The 9th Circuit Court of Appeals has rejected an appeal by Die Hard director John McTiernan over a judge's decision not to suppress a digital recording where he discusses an illegal wiretap with private investigator Anthony Pellicano.
McTiernan conditionally pleaded guilty to making false statements to the FBI about hiring Pellicano to wiretap The Dark Knight Rises producer Chuck Roven, with whom McTiernan worked on the 2002 film Rollerball.
On Monday, the 9th Circuit rejected an appeal in the case, meaning that McTiernan might soon begin serving 12 months in prison, pay a $100,000 fine and then face three years of supervised release.
The case against McTiernan has bounced around in the five years since the filmmaker was first indicted.
At first, McTiernan said his involvement with Pellicano was very limited, but then, presented with an incriminating Pellicano tape that showed that he had hired the private eye to spy on two individuals, he pled guilty.
But then McTiernan hired new lawyers, who persuaded him to withdraw his plea and file a motion for the suppression of the evidence. When the case went before the 9th Circuit for the first time four years ago, the appellate court ruled the director might have gotten bad legal advice from his old lawyers and allowed him to withdraw the plea.
McTiernan was indicted again, and after failing on his motion to suppress the evidence, he conditionally pled guilty as he pursued an appeal.

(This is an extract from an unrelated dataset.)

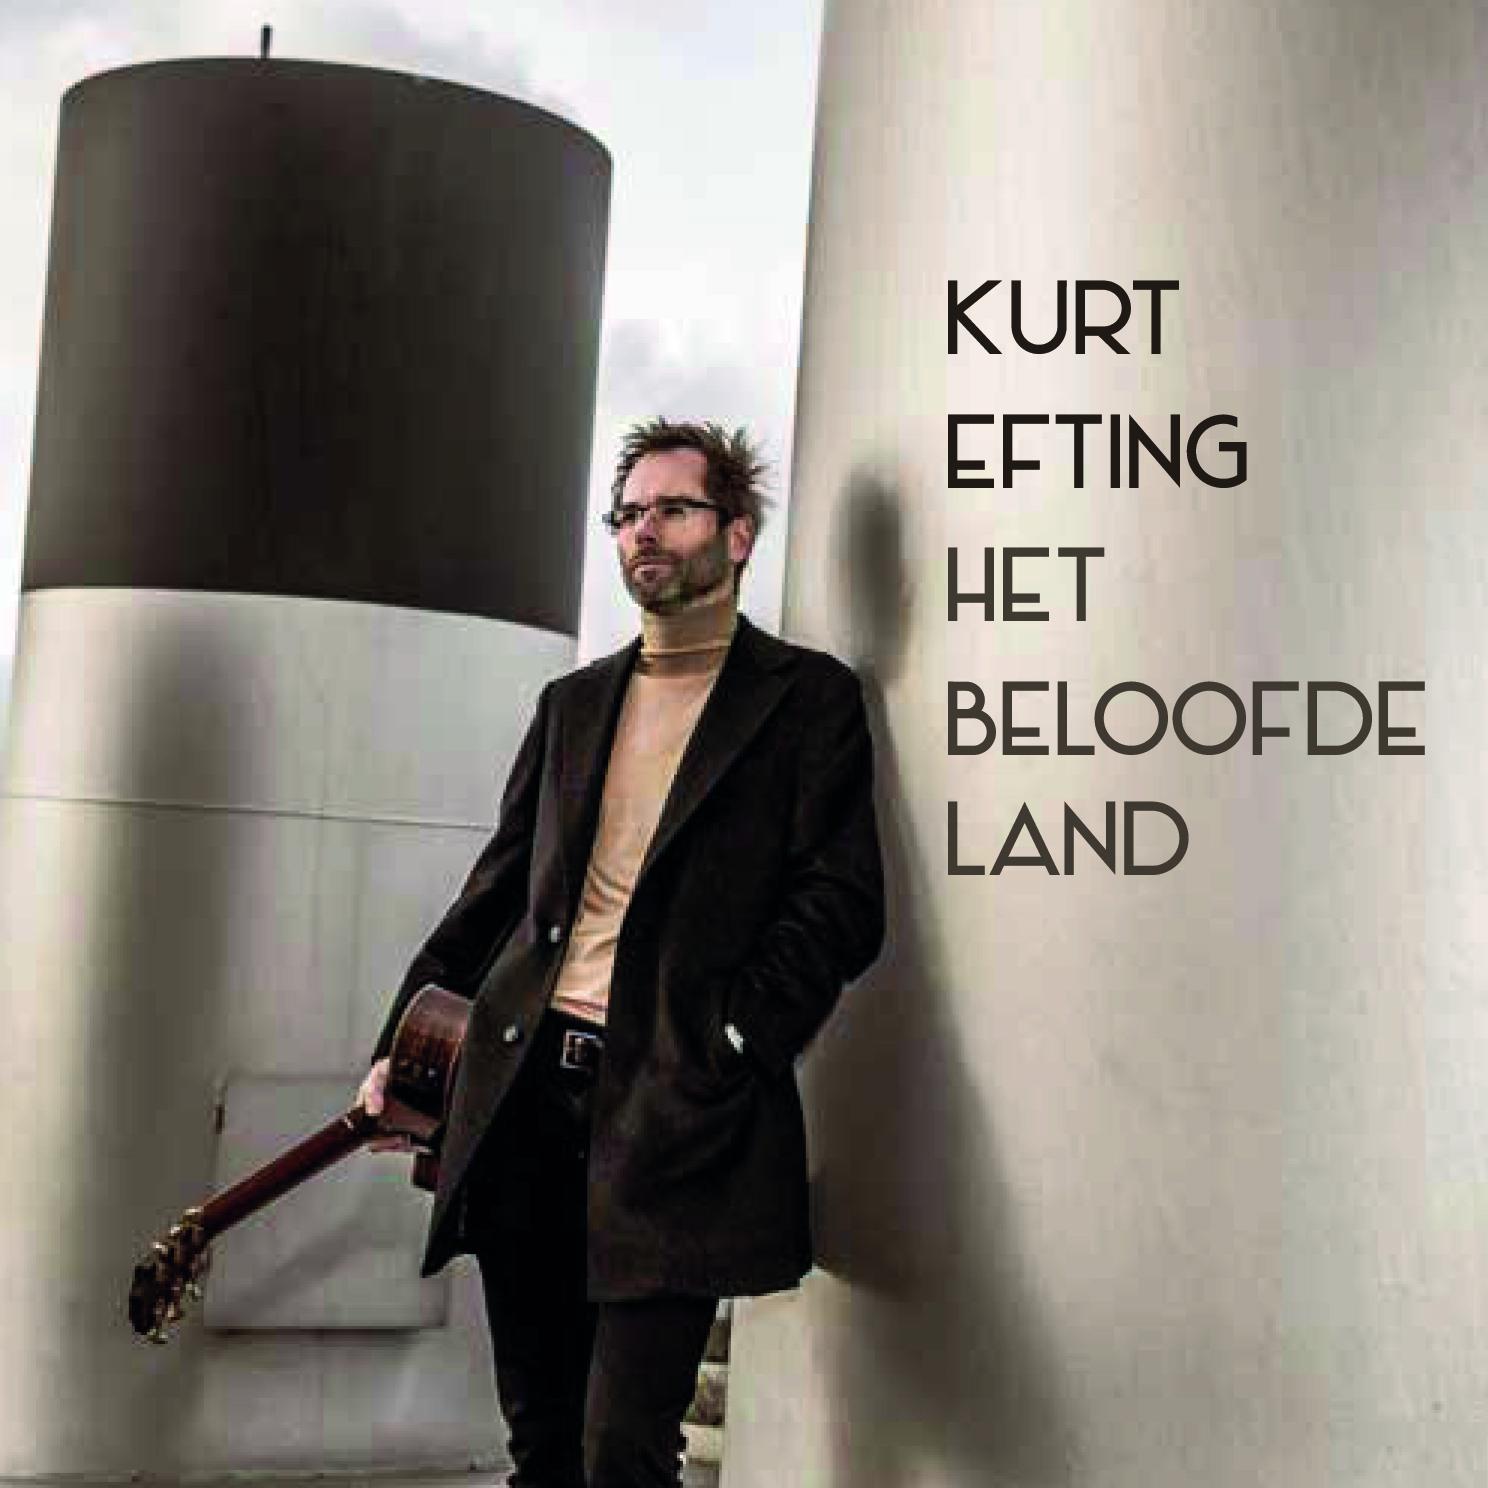 Beloofde Land Kurt Efting

He argued that Judge Dale Fischer should have granted his motion and recused herself.
On appeal, McTiernan contended that the recording of his taped conversation with Pellicano should have been suppressed because it represented a "to do" list for Pellicano, that it was “for the purpose of committing a criminal or tortious act” -- and to prove such an assertion, he relied upon the opening statement that Pellicano made in his own criminal trial.

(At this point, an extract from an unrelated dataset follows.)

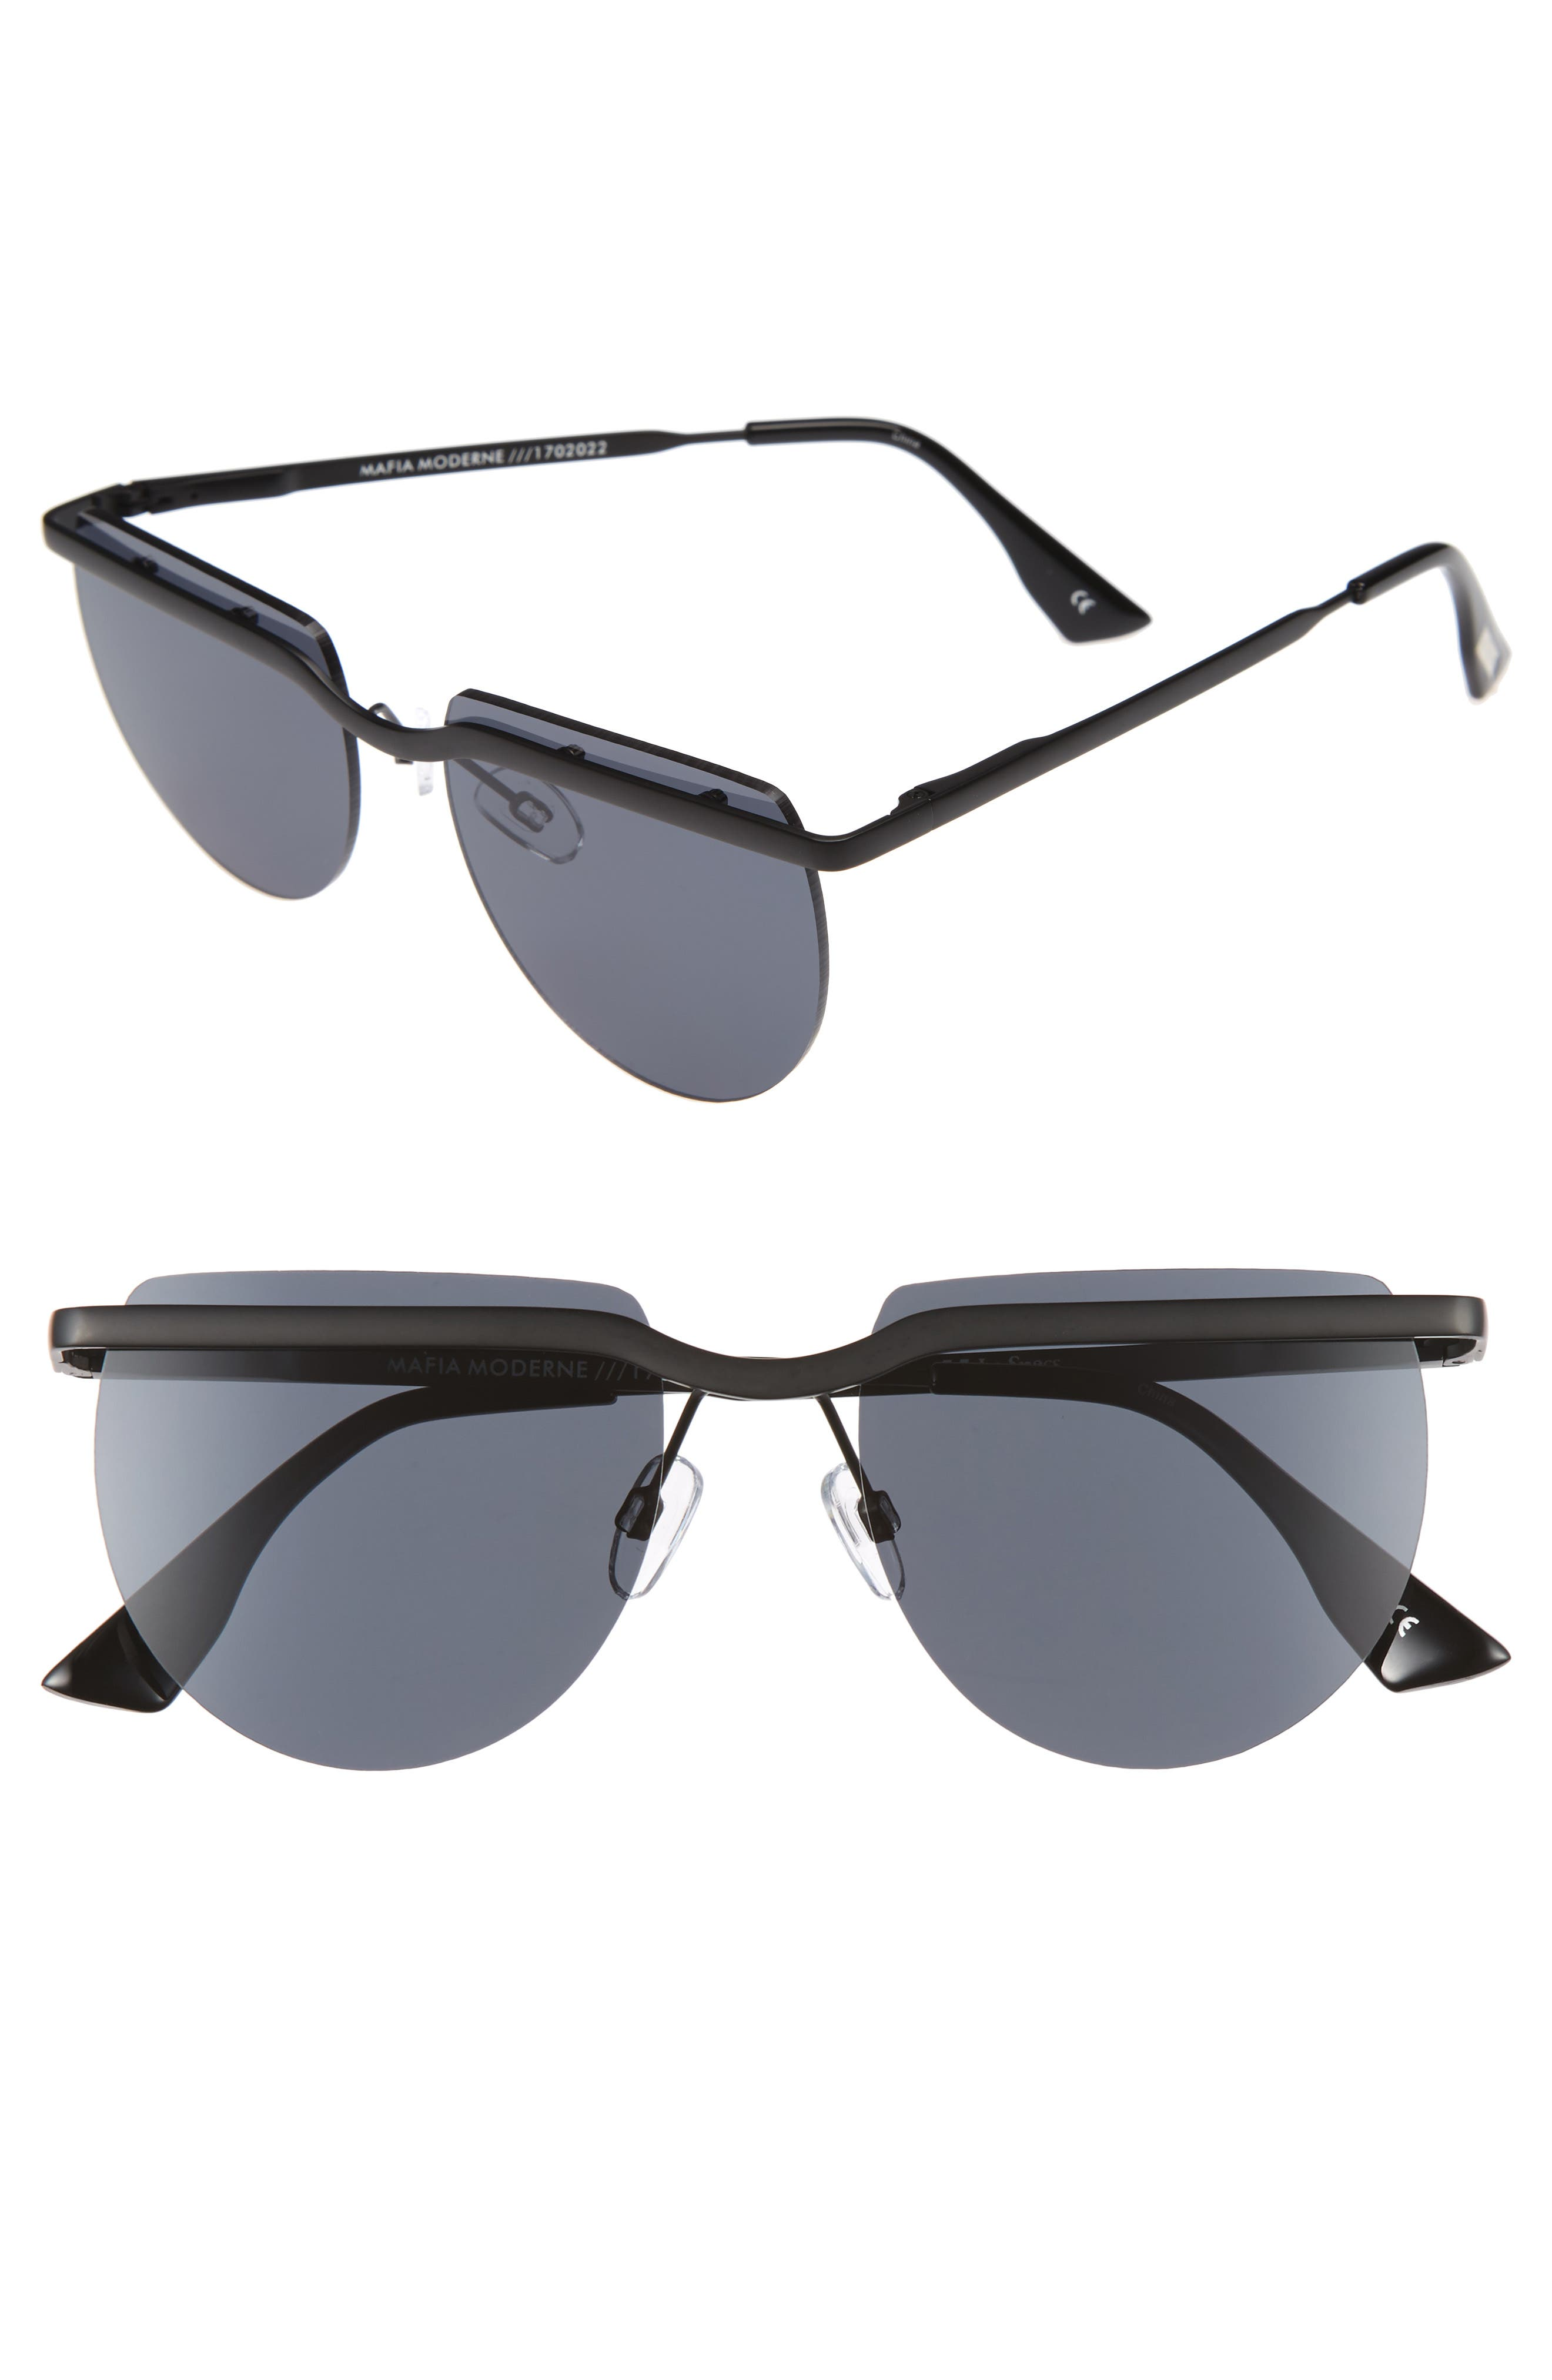 Mafia Moderne 52mm Rimless Sunglasses,                         Main,                         color, 001

In response, the government said Pellicano's testimony was unreliable because he was a criminal and also that "shielding defendants from their own self-made evidence of their crimes is not what Congress intended in enacting" a law governing the use as evidence of intercepted wire communications.
The 9th Circuit now has agreed with the lower court and the government, finding that "recording a conversation for the purpose of creating a reminder list is not an integral part of the execution of an illegal wiretap and thus is not made 'for the purpose of committing any criminal or tortious act.' "

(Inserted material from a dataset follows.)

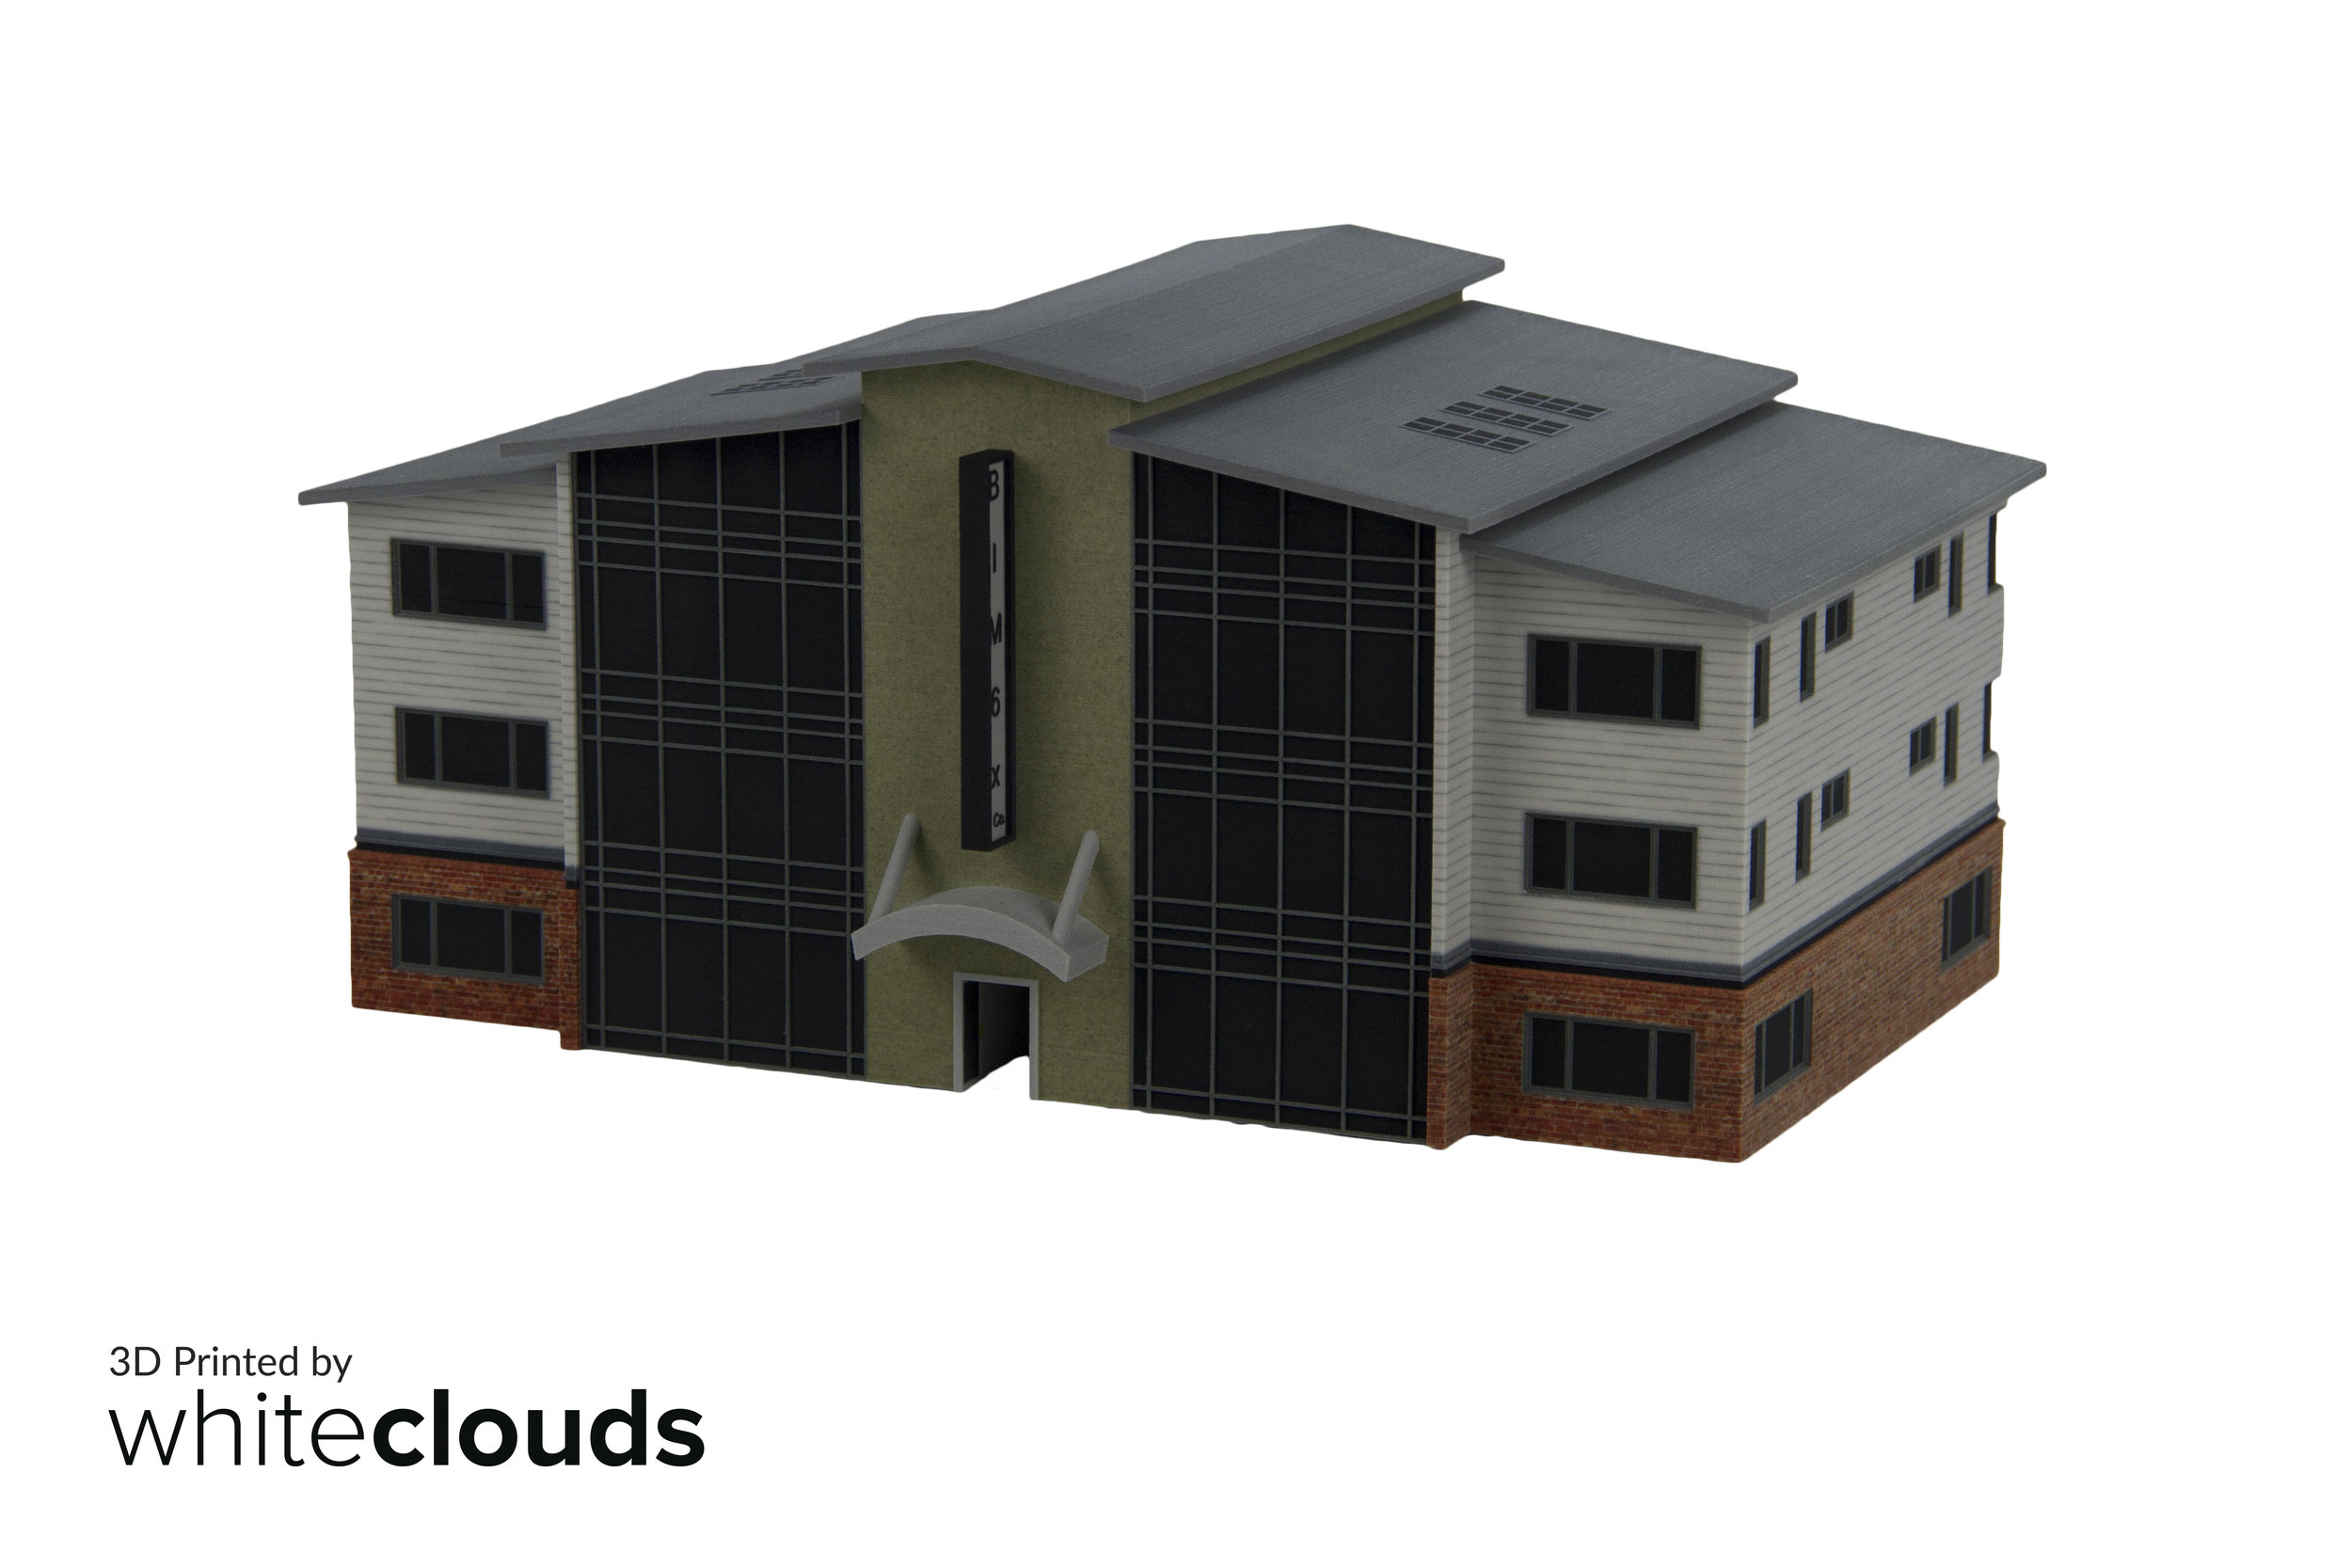 3D-Printed-WhiteCloud-BIM6x-2-Architecture-BIM6x-CR2-1.jpg

The appeals court also has rejected McTiernan's arguments that Fischer should have recused herself after allegedly making a series of hostile comments toward him in court proceedings and repeatedly denying his motions to suppress those recordings. The 9th Circuit says that statements, including one where the judge said that McTiernan "is clearly willing to lie whenever it suits his purpose," don't demonstrate a "deep-seated animus" nor had any "negative effect on his ultimate sentence."
The lower court decision now has been affirmed.
Barring a further appeal to the U.S. Supreme Court, McTiernan, who has been free on bail, soon will begin to serve his sentence.